I don't know the exact alloy, it was bought from a knife supply house. The bar I cut it from was aged to a nice brown, unlike the more yellow brass. I'm not a very photographer that might account for the colour.
I'm confident it is bronce.
I'll give it a try this weekend and keep you guys posted.
 
Funny timing on this thread.
I got a call last night on the way home from a knifemaker friend who was working on a Damascus "C" guard. He was trying to bend it just like Hengelo was....put it in a vise and hit it with a hammer.
Needless to say it wasn't working.

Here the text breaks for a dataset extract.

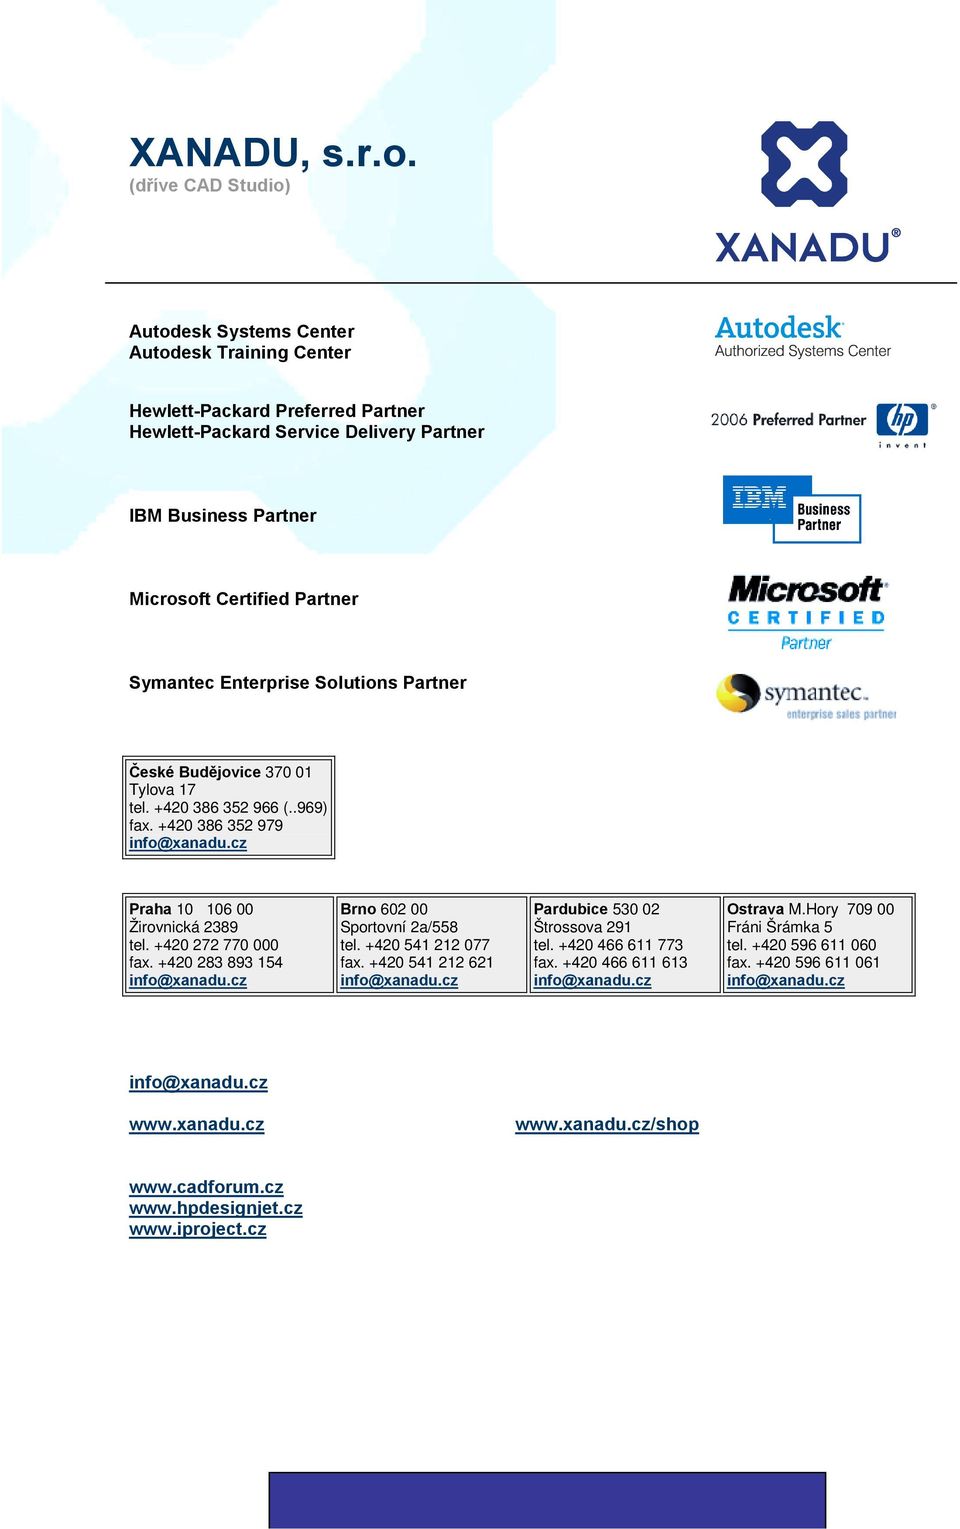 Certified Partner Symantec Enterprise Solutions Partner České Budějovice 370 01 Tylova 17 tel. +420 386 352 966 (..969) fax. +420 386 352 979 Praha 10 106 00 Žirovnická 2389 tel.

I picket it up and took it home to the forge, where it bent quite nicely at 2000°F (1100C). It took longer to get his dings an vise marks out than it did to curve and bend.
 
I finaly came around to do this. It was a first to me and I'm not unpleased with the result.
But I've learned that I've done things in the wrong order.
I had the slot for the tang filed to a good fit before I heated it with the burner.
It bend quite well but it is now oxidised.
Before epoxying it needs to be cleaned but I'd prefer to not file it again as it will widen the slot.
I'm thinking about using sulphuric acid. I've read that goldsmiths remove fire scale like that, but I have zero experience on it.
Any input/idea's?
I also got some 'brass black' I want to use on the guard. Also a first to me.
Just brush on and wait?

pics: :)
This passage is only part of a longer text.